Les prisonniers de guerre, une communauté oubliée?

Thème - Histoire militaire

Durant la campagne des 18 jours, quelque 50.000 soldats belges sont capturés par la Wehrmacht. Du fait de la « capitulation sans conditions » de l’armée belge, ce sont – en théorie – tous les membres du corps militaire national qui sont considérés comme « prisonniers de guerre », nonobstant les termes parfois ambigus de l’acte de capitulation. Cette disposition concerne dès lors aussi la garnison encerclée du fort de Tancrémont – qui ne hissera le drapeau blanc que le 29 mai – voire même les éléments de l’armée repliés dans le Midi, une fois la France vaincue. En d’autres termes, il s’agit d’une masse théorique d’environ 700.000 hommes – soldats et officiers – qui risque d’échouer outre-Rhin, dans les Stalags (« Mannschaft StammLager ») et les Oflags (« OffizierLager »), termes rendus familiers depuis belle lurette par le cinéma et la littérature.

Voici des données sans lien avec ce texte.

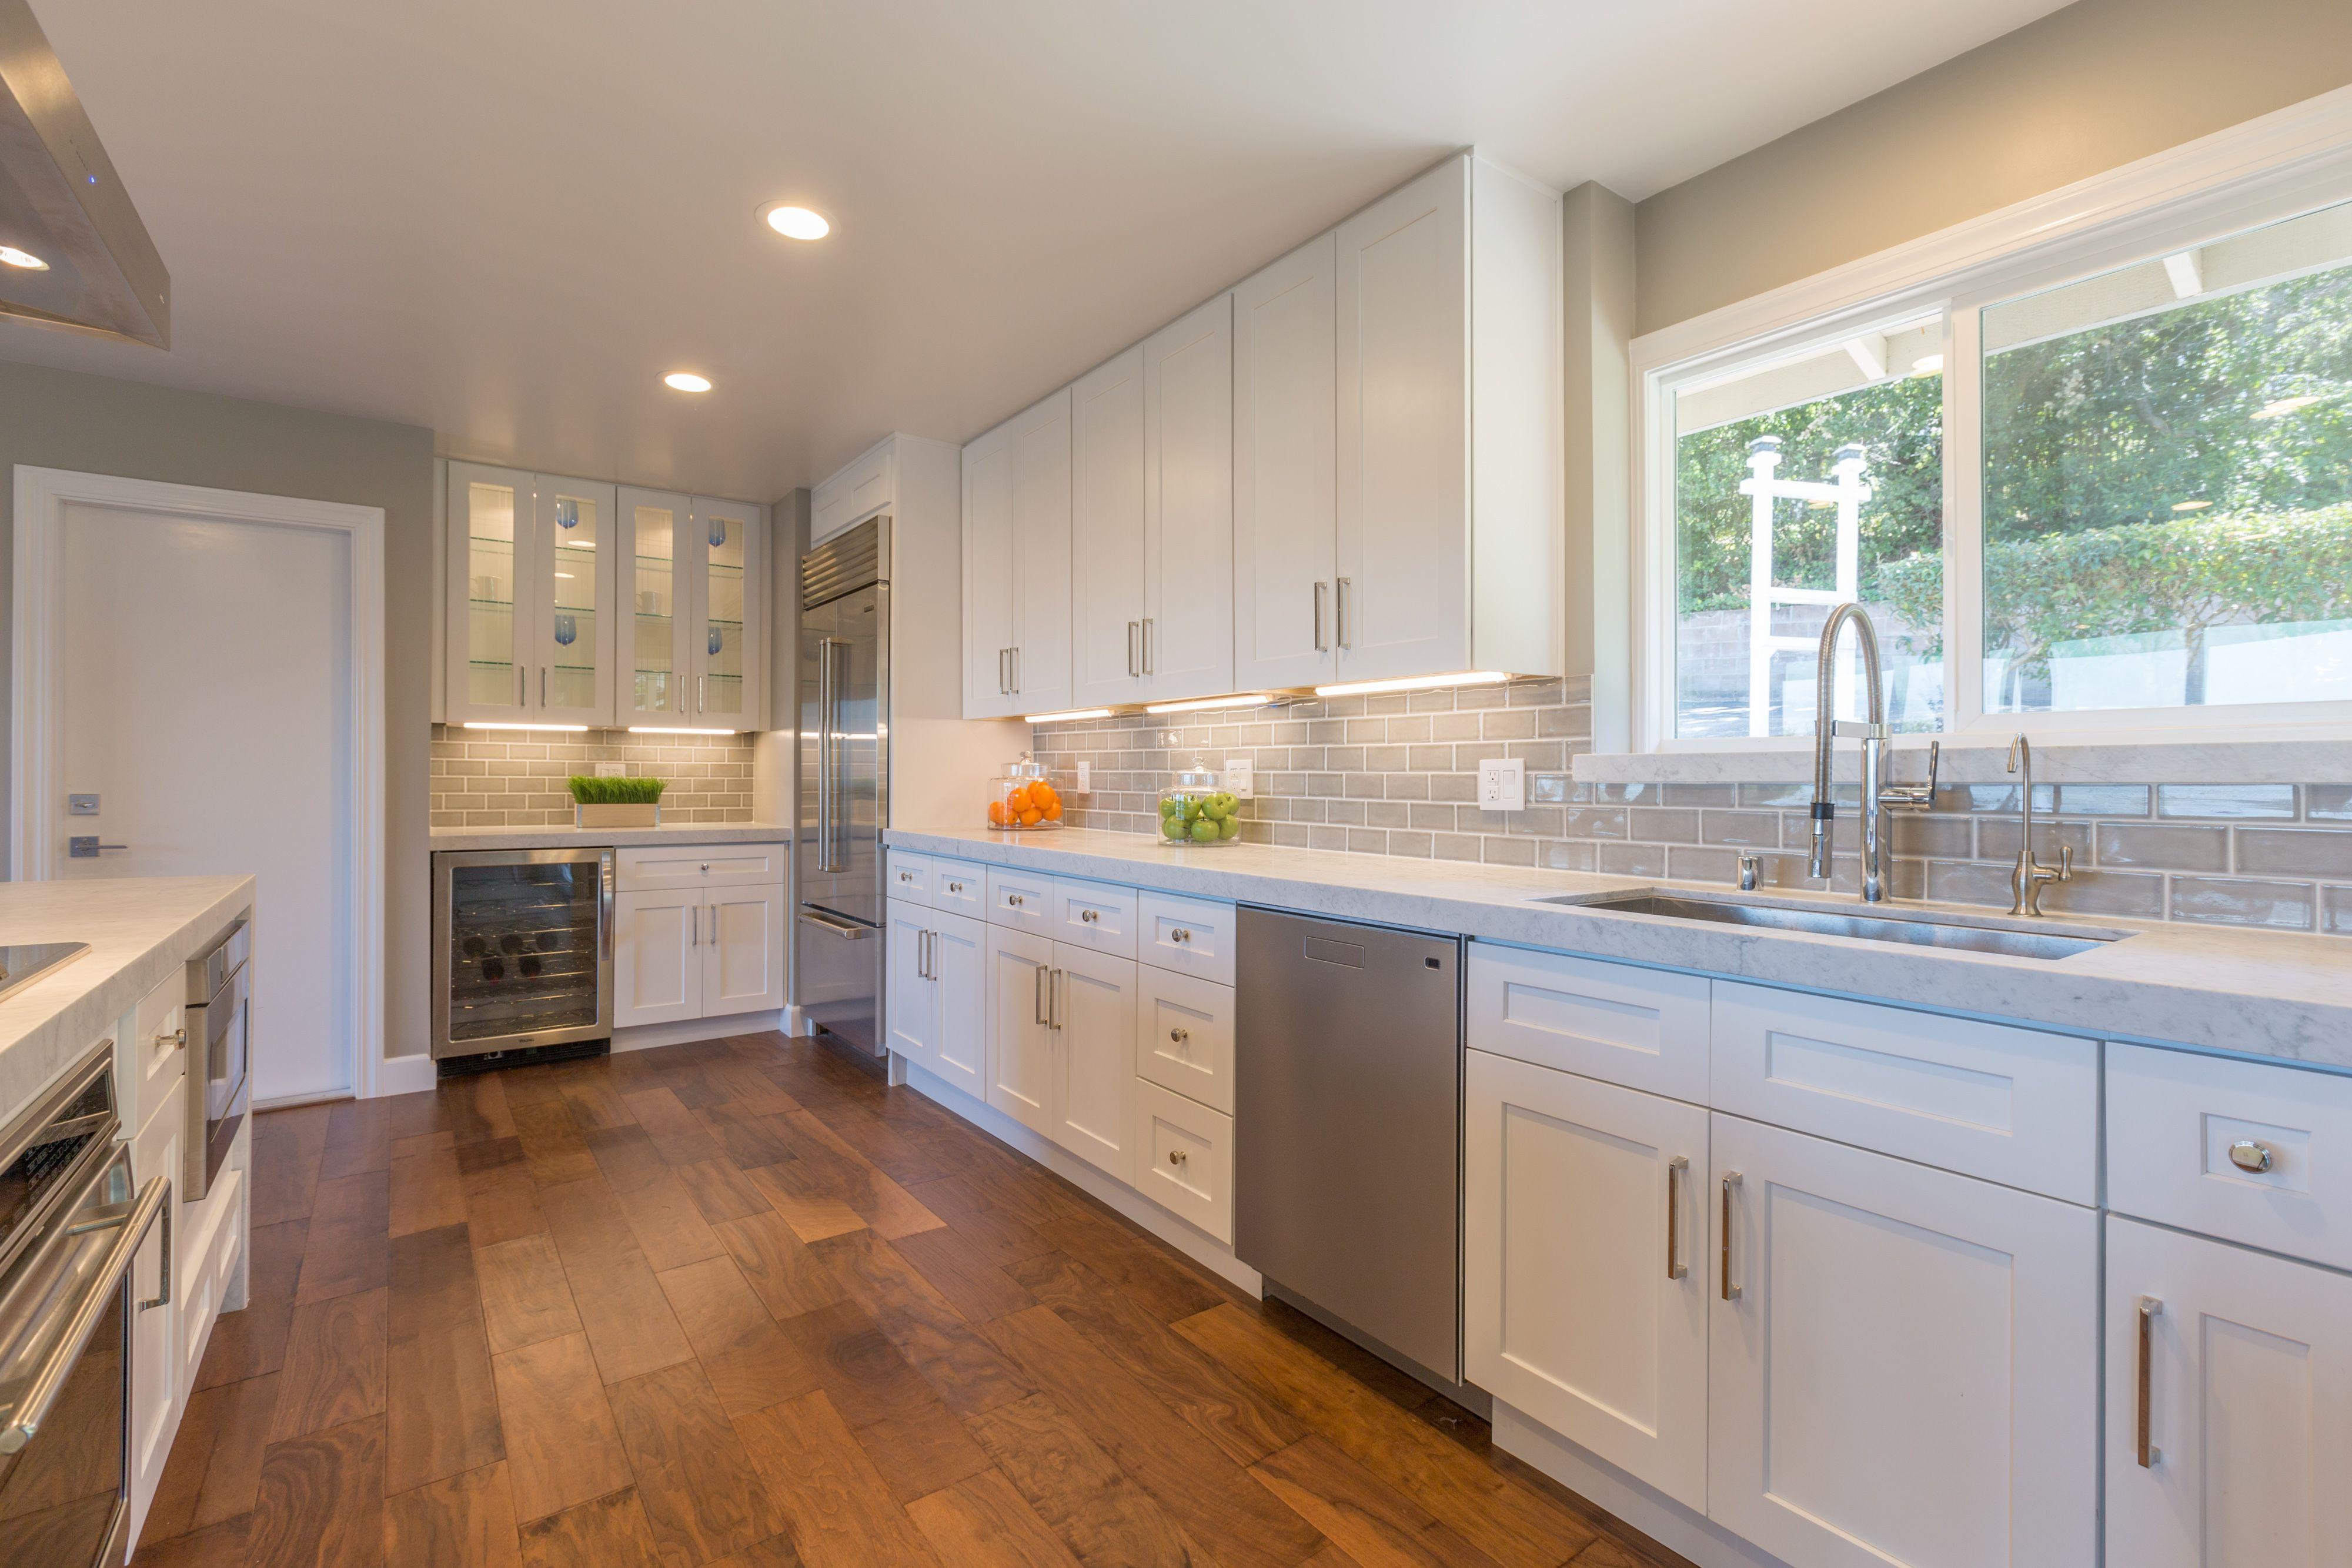 Monica Covington Disen Cai Kitchen Cabinets Design Kitchen

Auteurs : Colignon Alain (Institution : CegeSoma) - Kesteloot Chantal (Institution : CegeSoma)

Au lendemain de la capitulation

Si tous devaient être internés, la situation serait extrêmement problématique pour les familles, mais aussi pour l’économie et le fonctionnement général du pays occupé. Cette perspective est rapidement balayée. Au lendemain de la capitulation, 175.000 soldats belges rentrent chez eux dans une ambiance chaotique. L’armée conserve vaille que vaille sa cohésion. Les postes de commandement fonctionnent à tous les niveaux de la hiérarchie, et l’intendance suit, ce qui explique que la troupe ne s’éparpille pas totalement dans la nature. Début juin, cette armée aux reins brisés reçoit des Allemands l’ordre de se porter vers la zone comprise entre le canal Gand-Terneuzen et le canal de dérivation de la Lys. Le 6 juin, continuant sur sa lancée, l’occupant émet avec son Ordre 8855 les premières directives de « démobilisation », entérinant une décision de principe d’Hitler énoncée le 28 mai précédent : tous les ressortissants d’Eupen-Malmédy-Saint-Vith (un territoire récupéré par le Reich trois semaines auparavant) doivent être libérés immédiatement tandis que les réservistes des provinces flamandes, Bruxelles excepté, peuvent être rendus à leurs familles. Les francophones (Wallons et Bruxellois) doivent être emmenés dans le Reich comme prisonniers de guerre, certaines catégories socioprofessionnelles étant toutefois épargnées pour sauvegarder l’économie du pays occupé.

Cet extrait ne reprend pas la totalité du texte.